31 ene 2015

Ausencia de Equis

(Adioses de Los perdedores)

Acompaño a X a la terminal de autobuses. Tomamos un taxi afuera de la pensión. Cuando vives en la periferia de la ciudad, cada recorrido al centro es un paseo por un clima de bosque entre un paisaje rural.

     Metemos atrás las maletas. Cada quien entra al auto por un lado. Dentro nos apresuramos para ganar lugar. X se avienta deprisa y pellizca mi pierna con la suya.

     —¡Gané!—exclama y sonríe.
     —A la terminal de Pullman, por favor.

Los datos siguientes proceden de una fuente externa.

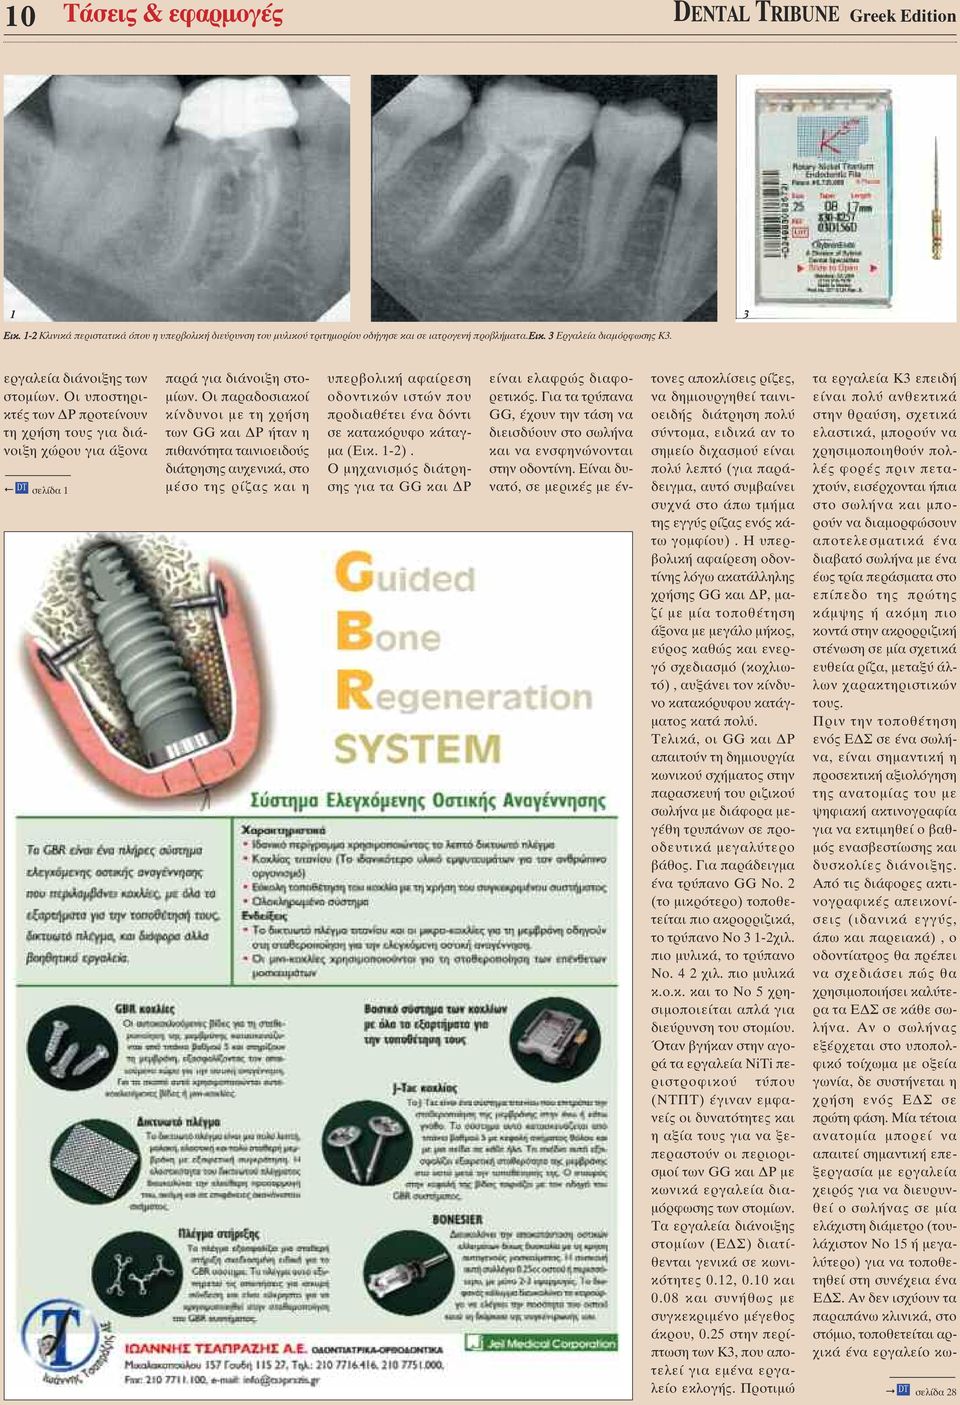 Οι παραδοσιακοί κίνδυνοι µε τη χρήση των GG και Ρ ήταν η πιθανότητα ταινιοειδούς διάτρησης αυχενικά, στο µέσο της ρίζας και η υπερβολική αφαίρεση οδοντικών ιστών που προδιαθέτει ένα δόντι σε

     X mira hacia el frente, sonrisa plena, mientras el auto arranca. Juega con mi mano entre sus palmas. Está ligeramente separada del respaldo. Aleja mi mano de sí. Se inclina hacia el conductor.

     —¿Cómo va el trabajo, señor?
     —Voy empezando, señorita. A ver si nos deja trabajar esta agua.

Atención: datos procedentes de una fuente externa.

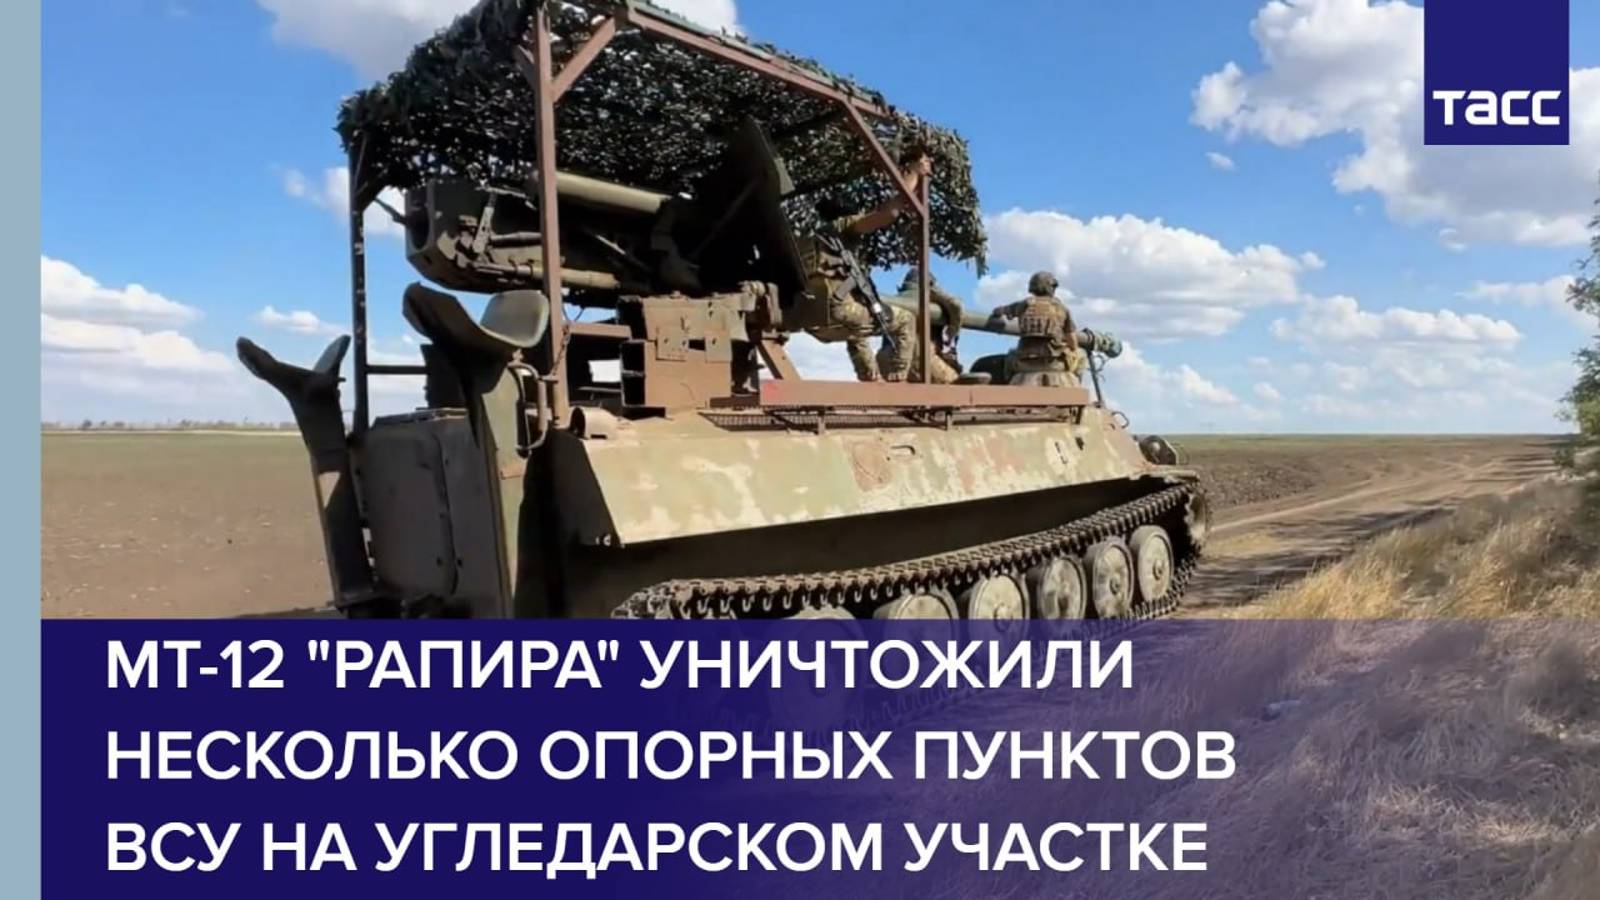 МТ-12 "Рапира" уничтожили несколько опорных пунктов ВСУ на угледарском участке

     Hay un silencio profundo tras la ventanilla que nos separa de la lluvia y todos sonreímos.

     —¿Se puede ir por la autopista, por favor?

     Su cabello es largo y el recorrido por la autopista es breve. Puedo ir y venir varias veces antes de decir que lo conozco. X me voltea a ver y manda un beso tierno; enseguida, hace una mueca: frunce la nariz, saca la lengua; y otra: contrae el cuello, abre la boca, tensa las cejas. Sonríe.

     El año pasado practicábamos esas caras en el metro y hacíamos enojar a los pasajeros con gritos y otros simulacros de lo que la gente no quiere ver en la calle. Hago mi boca como la de un pez y me pego repetidamente con la palma de la mano extendida. X me olvida, o se aburre, y voltea a ver al señor. Le emociona que la gente nos mire raro. Saca un cigarro de la bolsa y lo dirige a sus labios.

     —¿Puedo fumar?
     —Por supuesto, señorita; nomás abra con cuidado la ventana, no se vaya a mojar.

    El taxista me ve por el retrovisor. Sonríe.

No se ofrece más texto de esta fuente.